Data Layer¶

The dnanet.data package handles everything from raw HID files to PyTorch-ready tensors.

HIDImage¶

The central data container. Wraps a path to a HID file with lazy loading. HIDImage receives the kit scaling strategy directly.

from dnanet.data.image import HIDImage

Properties: - data → np.ndarray | None — Shape (num_dyes, signal_length, 1). Triggers load on first access. - annotation → ScanpointAnnotation | None — Ground-truth segmentation mask - scaler → np.ndarray — Shape (1, signal_length). Maps pixel → base pair. - adjusted_panel → Panel | None — Reference panel - dimensions → tuple[int, int] — Data array shape (num_dyes, signal_length) - meta → dict — Metadata (NOC, ladder path, etc.)

Methods: - adjust_annotations(method) — Snap annotation mask to actual peaks - "top" — Label only peak apex - "complete" — Label entire peak boundary-to-boundary

Datasets¶

TransformableDataset¶

Abstract base class for datasets of HIDImage objects. Provides properties for images, transform, and dataset_strategy.

from dnanet.data.dataset import TransformableDataset

HIDDataset¶

Loads HID files from a directory. Implements TransformableDataset and torch.utils.data.Dataset.

from dnanet.data.hid_dataset import HIDDataset

Constructor args: See {doc}/guides/datasets for details.

DataModule¶

DNANetDataModule¶

Lightning DataModule bridging TransformableDataset → PyTorch DataLoaders.

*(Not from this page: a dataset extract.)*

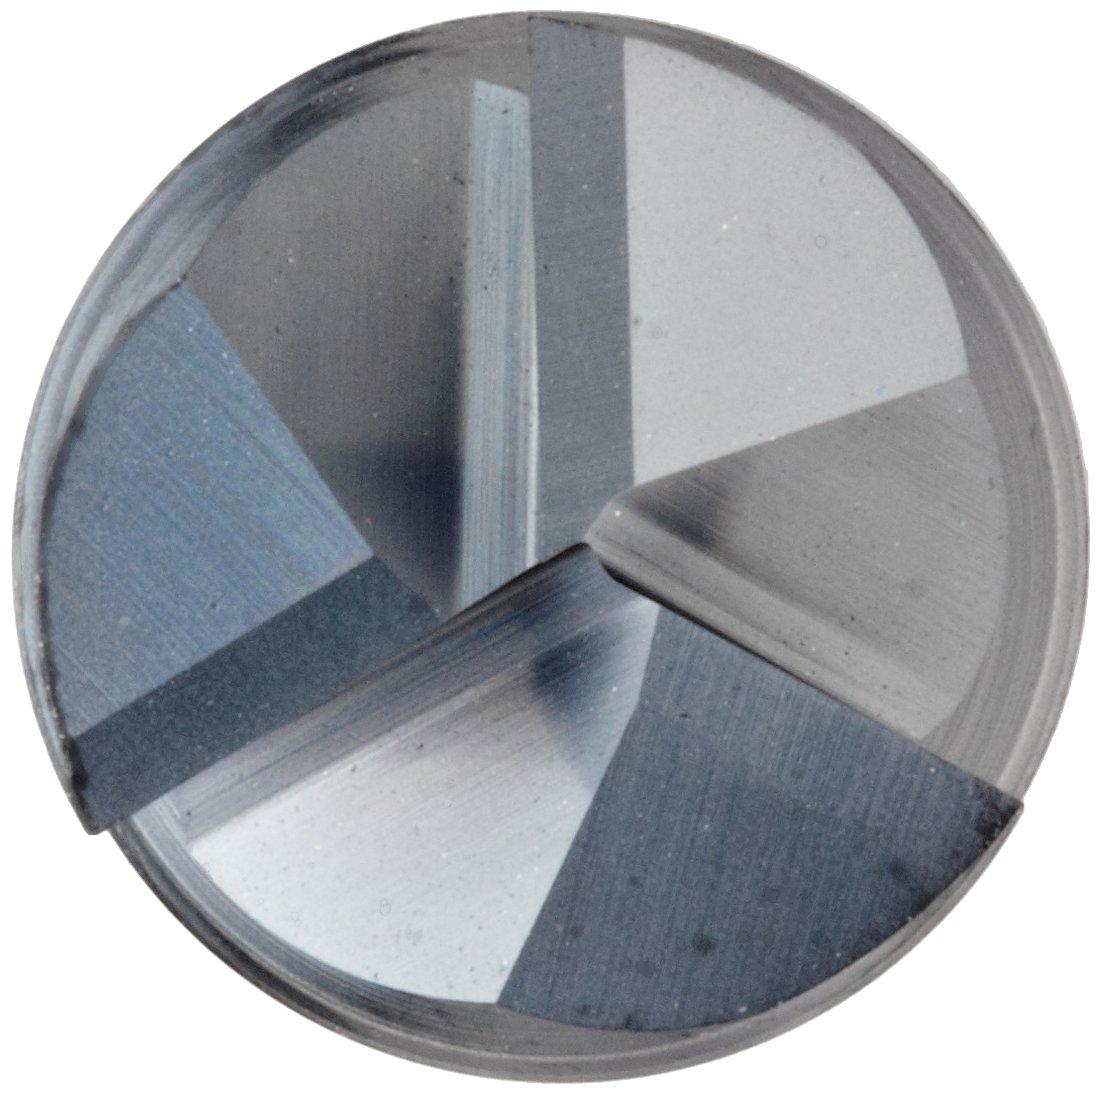 4 Overall Length 1 Cutting Diameter AlTiN Monolayer Finish 3 Flutes 1 Shank Diameter Finishing Cut Melin Tool EMG60 Carbide Square Nose End Mill 60 Deg Helix

from dnanet.data.datamodule import DNANetDataModule

Args: - dataset — A TransformableDataset (e.g. HIDDataset) - batch_size — Batch size - num_workers — DataLoader workers - shuffle_train — Whether to shuffle the training DataLoader - **split_kwargs — Passed to dataset_splitter(): val_fraction, test_fraction, seed, etc.

Parsing¶

from dnanet.data.parsing.hid import get_peak_data

HID Parsing¶

get_peak_data(path, strategy, data_loading_strategy) — Parse a HID file and return raw/analyzed data as a numpy array.

Preprocessing¶

Peak Detection¶

from dnanet.data.preprocessing.peaks import (
    find_peaks_above_threshold,
    find_peak_boundary,
    find_peak_near_idx,
    find_peak_idx_near_or_in_range,
    find_valley_idx_in_range,
    find_absolute_peak_idx_in_range,
)

find_peaks_above_threshold(signal, threshold) — Detect peaks including flat-top peaks
find_peak_boundary(signal, peak_idx, threshold) — Walk left/right to find peak start and end
find_peak_near_idx(signal, idx) — Find nearest peak at least as high
find_peak_idx_near_or_in_range(signal, index_range, threshold) — Find dominant peak within or near an index range
find_valley_idx_in_range(signal, index_range, threshold) — Find signal minimum within an index range
find_absolute_peak_idx_in_range(signal, index_range, threshold) — Find peak by absolute value within an index range

Baseline Estimation¶

from dnanet.data.preprocessing.baseline import (
    baseline_superior,
    baseline_classic,
    baseline_enhanced,
)

baseline_superior(signal) — DNANet's recommended baseline method (100-pt window, 20^th percentile)
baseline_classic(signal) — Traditional rolling-minimum approach (551-pt window, 20^th percentile)
baseline_enhanced(signal) — Improved classic with piecewise weighted linear fits and Savitzky-Golay smoothing

Strategies¶

ScalingStrategy¶

Abstract base for kit-specific base-pair calibration.

from dnanet.data.strategies.scaling import ScalingStrategy, PowerPlexFusion6CStrategy, GlobalFilerStrategy

Concrete implementations: - PowerPlexFusion6CStrategy — PPF6C kit with WEN ILS (bp range 65–475) - GlobalFilerStrategy — GlobalFiler kit with GeneScan 600 LIZ (bp range 60–480)

DatasetStrategy¶

Abstract base for dataset-specific file handling.

from dnanet.data.strategies.datasets import DatasetStrategy, NFIRnDStrategy, ProvedItStrategy

Concrete implementations: - NFIRnDStrategy — NFI R&D 2p/5p dataset - ProvedItStrategy — PROVEDIt court validation dataset

Dataset strategies are instantiated from config and passed directly to HIDDataset, HIDImage, parsing helpers, and transformers.